**TASK ITEM**
Would you print the lines below exactly, beginning at the line that has "Samsung NX58F5500SW user" and stopping after the line that has "Sealy PPS5 Posturpedic"? Only those lines, and no pictures.

(Items from a dataset)
--- START ---

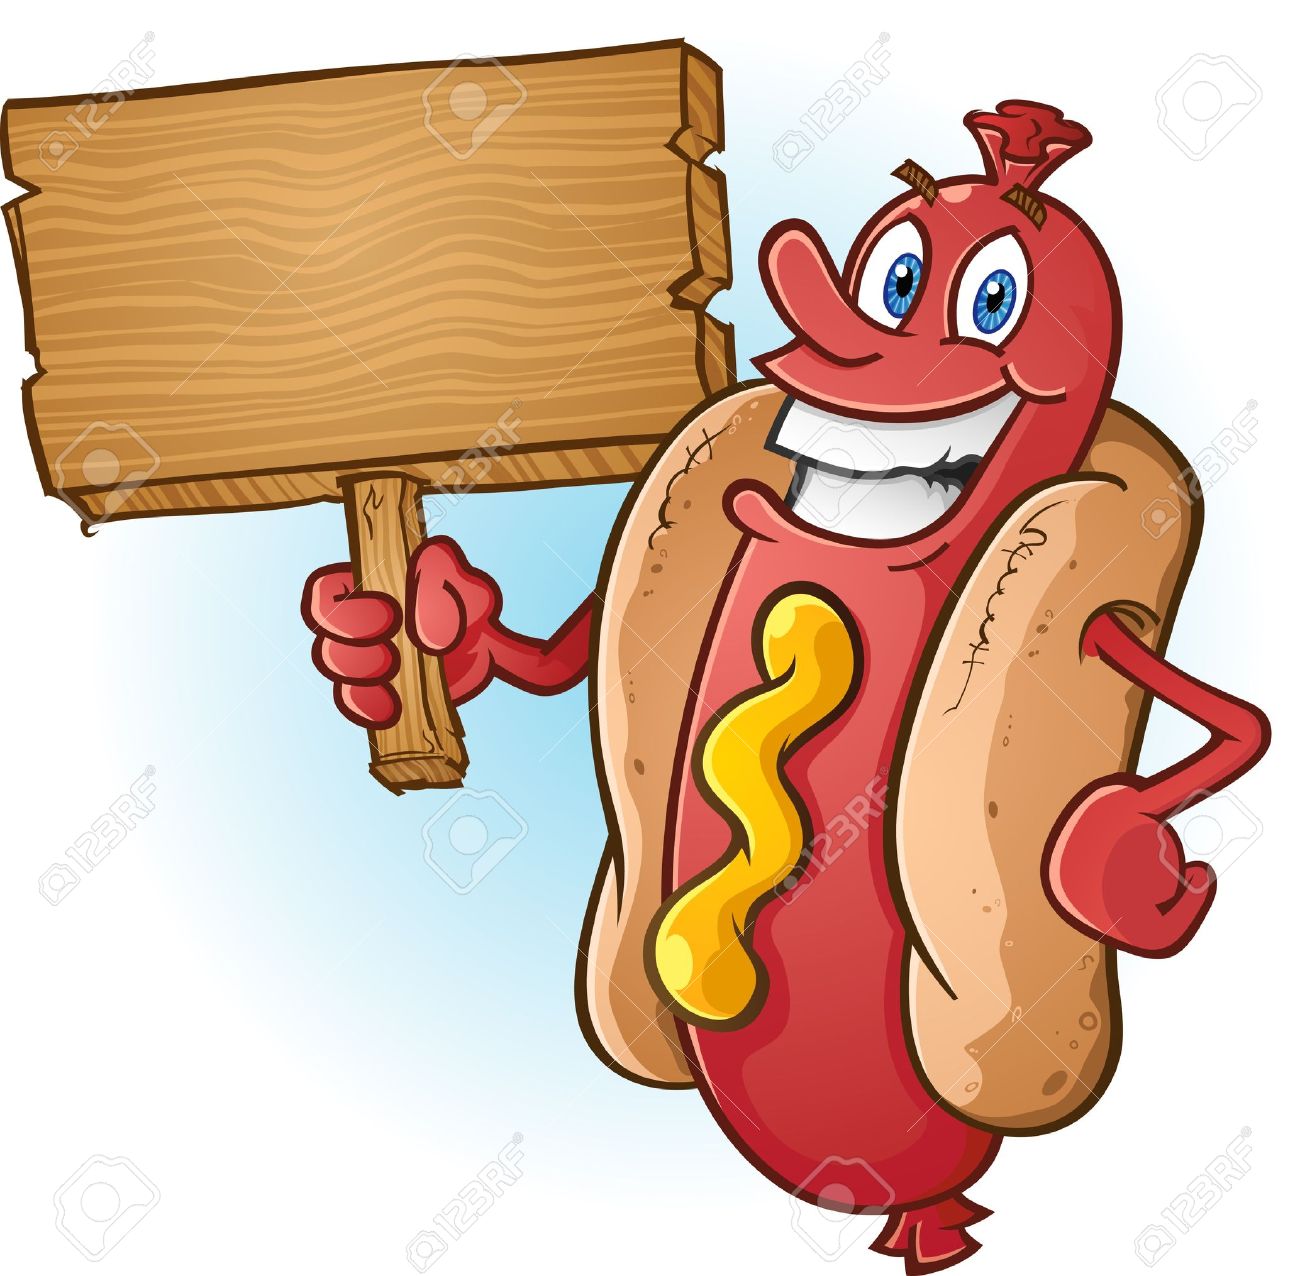 1532 Hot Dog free clipart.
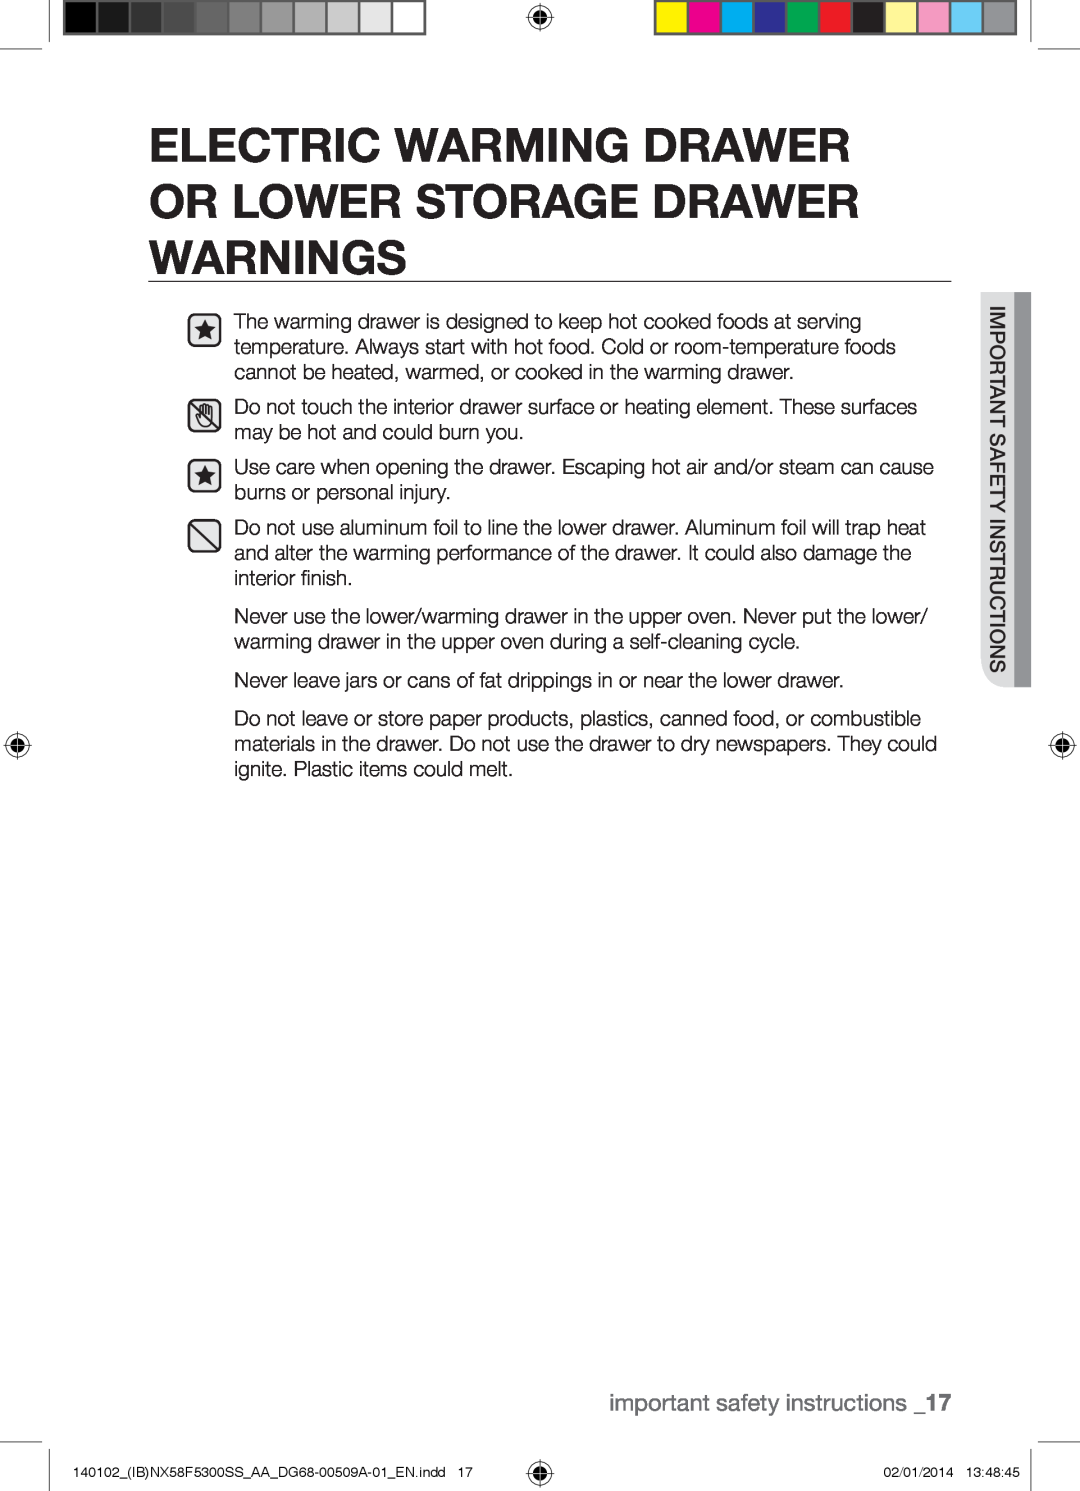 Samsung NX58F5500SW user manual Electric Warming Drawer Or Lower Storage Drawer Warnings, important safety instructions 
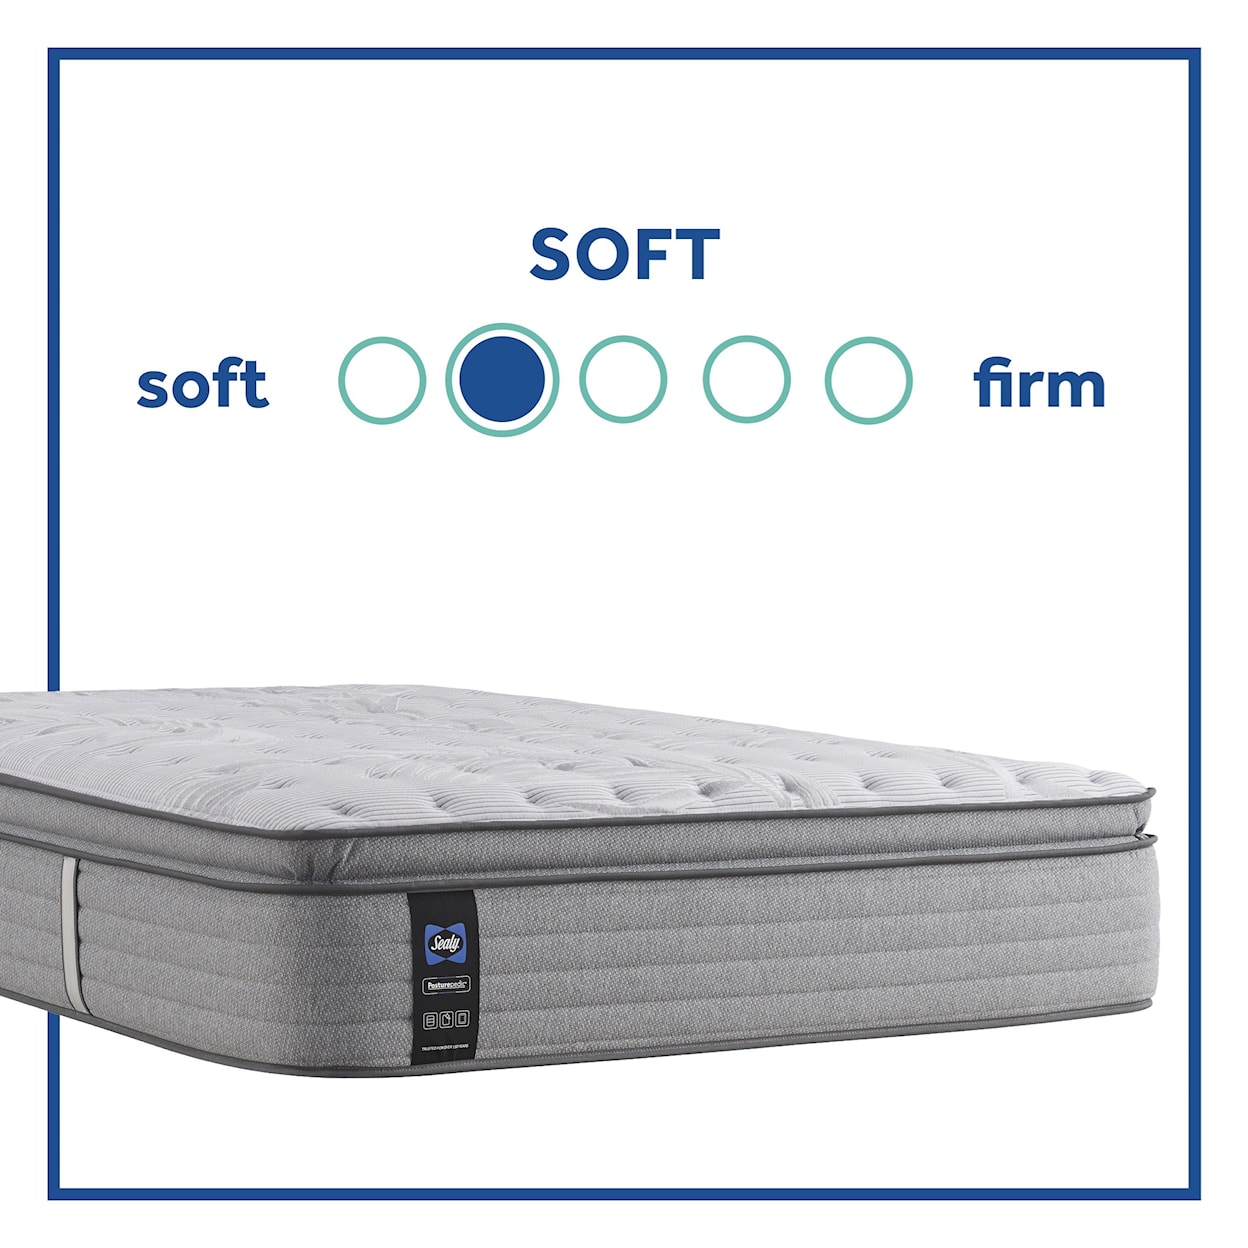 Sealy PPS5 Posturpedic Innerspring Soft EPT Full 15" Soft Euro Pillow Top Set
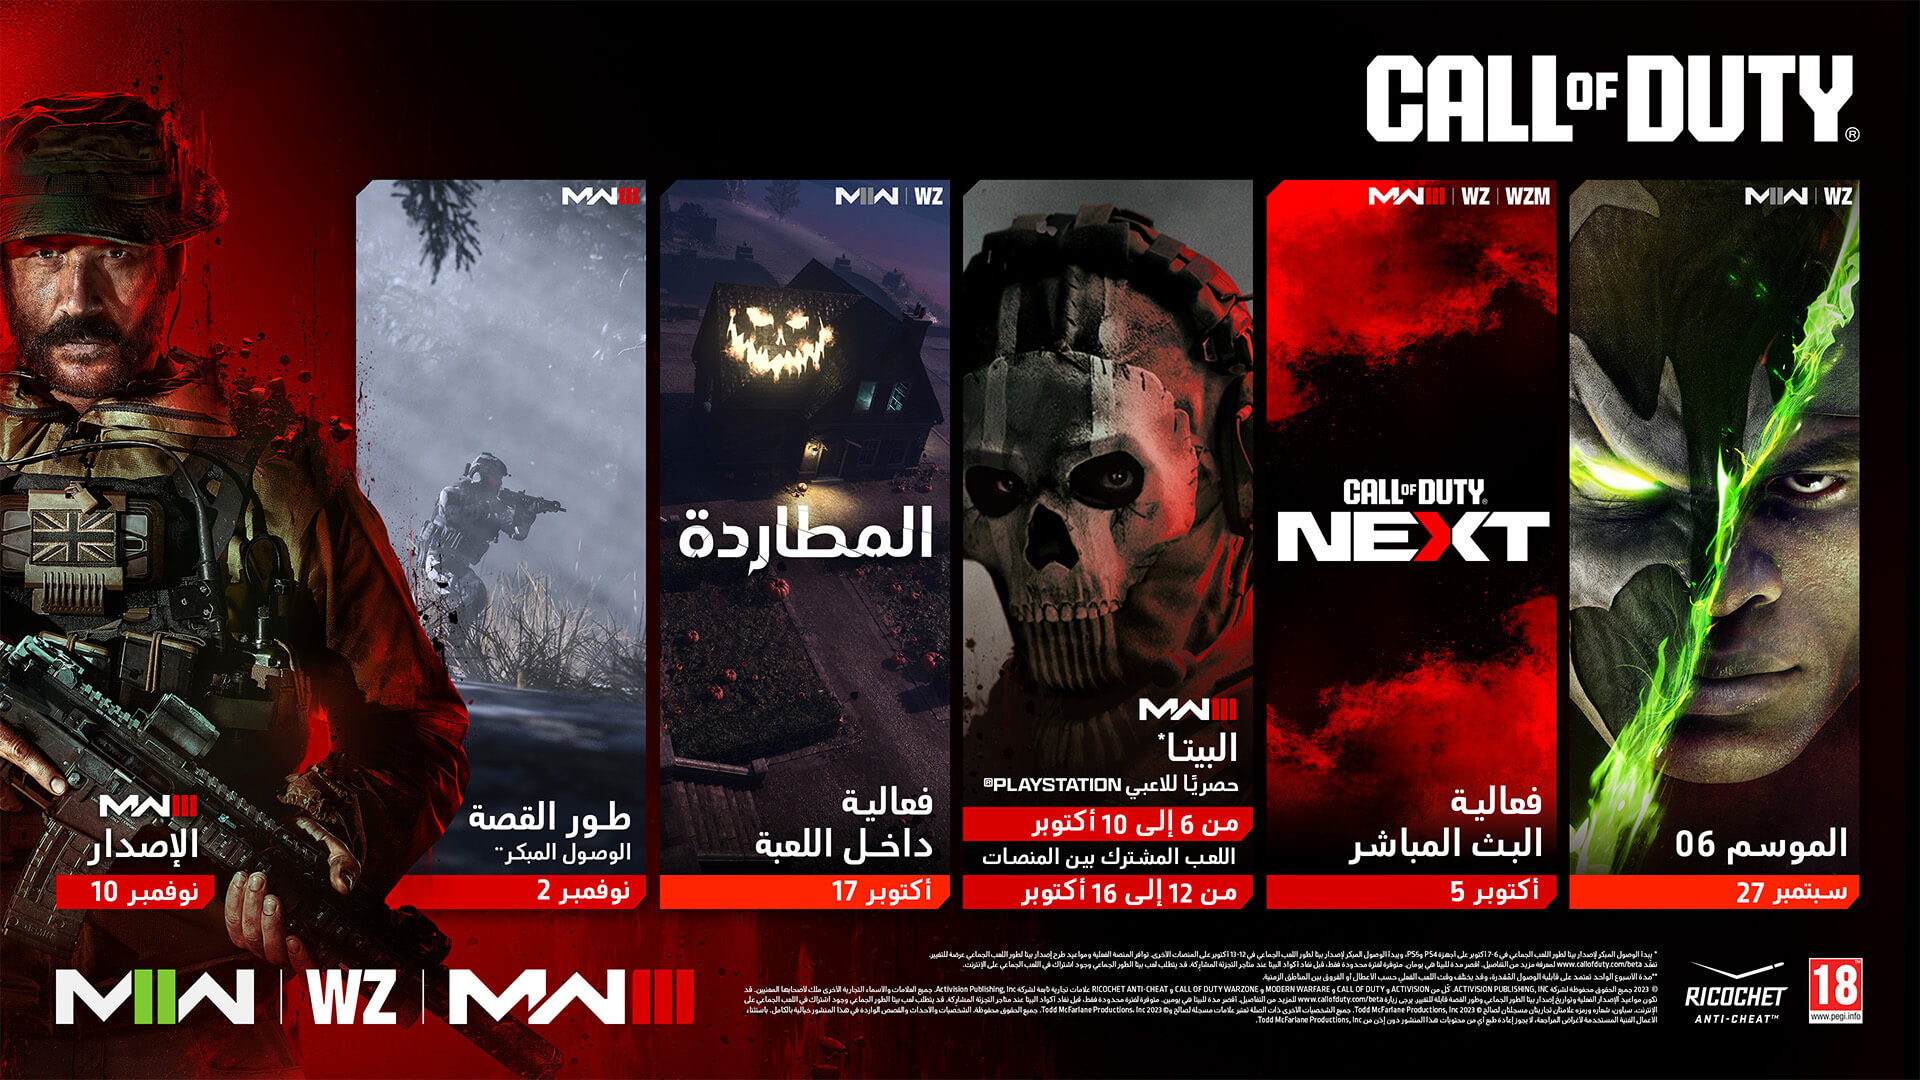 <p>CALL OF DUTY®. MWII | WZ. Al Simmons Spawn key art. SEASON 06. MWIII | WZ | WZM. Call of Duty NEXT key art. LIVE STREAM EVENT. OCT 5. MWIII. BETA*. Playstation Exclusive. OCT 6 - 10. Crossplays. OCT 12 - 16. MWII | WZ. The Haunting. In-Game Event. OCT 17. MWIII. Campaign Early Access. NOV 2. MWIII. Launch. NOV 10. Warzone logo. Modern Warfare II logo. Modern Warfare III logo. Ricochet logo. Ratings logo. © 2023 Activision Publishing, Inc. ACTIVISION, CALL OF DUTY, MODERN WARFARE, CALL OF DUTY WARZONE, and RICOCHET ANTI-CHEAT are trademarks of Activision Publishing, Inc. All other trademarks and trade names are the property of their respective owners. Actual launch date(s) of MP Beta and Campaign early access subject to change. Actual platform availability of MP Beta subject to change. See http://www.callofduty.com/beta for more details.Minimum open Beta duration is 2 days. Limited time only. While early access Beta codes last. At participating retailers. Online multiplayer subscription may be required for MP Beta. Spawn, its logo and its symbol are registered trademarks. © 2023 Todd McFarlane Productions, Inc. All other related characters are TM and © 2023 Todd McFarlane Productions, Inc. All rights reserved. The characters, events and stories in this publication are entirely fictional. With exception of artwork used for review purposes, none of the contents of this publication may be reprinted without the permission of Todd McFarlane Productions, Inc.</p>
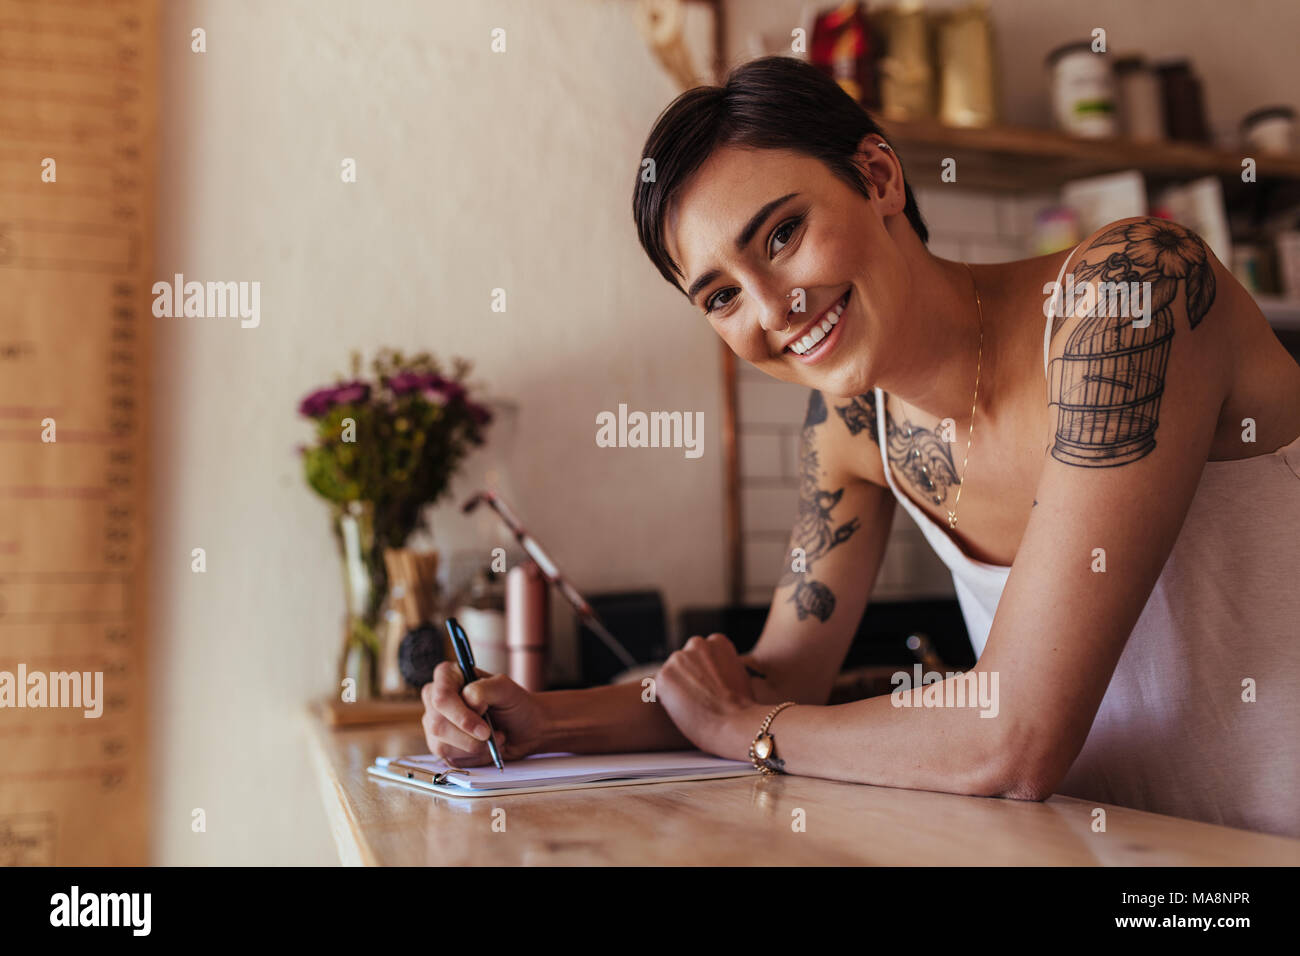 Smiling woman at the counter of her cafe with a pen and pad. Restaurant owner making notes standing at the billing counter. Stock Photo

--- END ---

**ANSWER BOX**
 Samsung NX58F5500SW user manual Electric Warming Drawer Or Lower Storage Drawer Warnings, important safety instructions 
 Sealy PPS5 Posturpedic Innerspring Soft EPT Full 15" Soft Euro Pillow Top Set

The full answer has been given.